New York and the world this week witnessed Modilateralism or a multilateralism that was driven largely by domestic interests and objectives. At the United Nations General Assembly, Prime Minister Narendra Modi displayed a shift in India’s approach to multilateralism by drawing a link between his government’s development agenda with global challenges like climate change, universal health coverage and issues like counterterrorism where the UN, not India, has fallen short.
India’s current multilateral impetus works from the ground up, leveraging strides made on domestic issues to demonstrate its credibility as a global stakeholder, neutralising calls that India should perforce contribute more. Also evident in this ‘Modilateral’ approach is the use of multilateral platforms to push for stronger rules in areas like counterterrorism where New Delhi requires the support of other countries to address the problem.
Strategic to tactical
PM Modi’s approach differs from how other Indian leaders have generally handled multilateralism.
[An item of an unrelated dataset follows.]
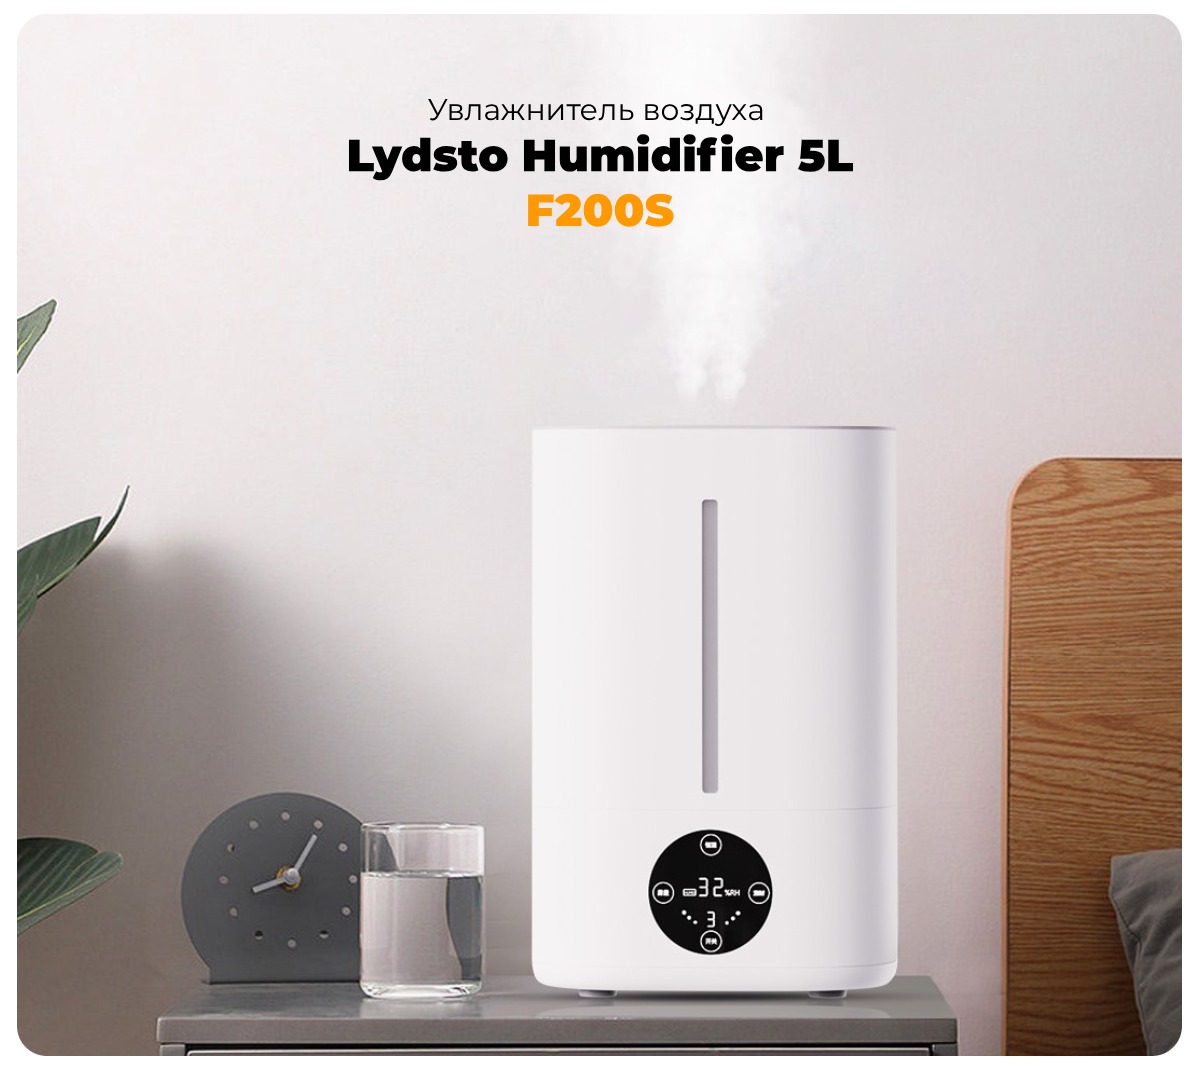 Lydsto-Humidifier-5L-F200S-01

Early on, India championed causes like human rights and decolonisation for practical and moral reasons. As decades rolled, the nature of multilateral engagement changed, reflecting the times and India’s own position. From the early 1990s, Indian negotiators became strategic, looking to cut deals and make compromises when necessary.
Under Modi, the approach has turned more tactical, with New Delhi becoming sensitive to the reality that given India’s sheer size, her domestic policy achievements redound to the benefit of global governance. A focus on the domestic is, in itself, of global significance. Multilateral diplomacy then becomes a tool to emphasise and resolve problems like terrorism, tax havens and protectionism that restrain globalisation. Modi’s approach at UNGA this week reflects this thinking.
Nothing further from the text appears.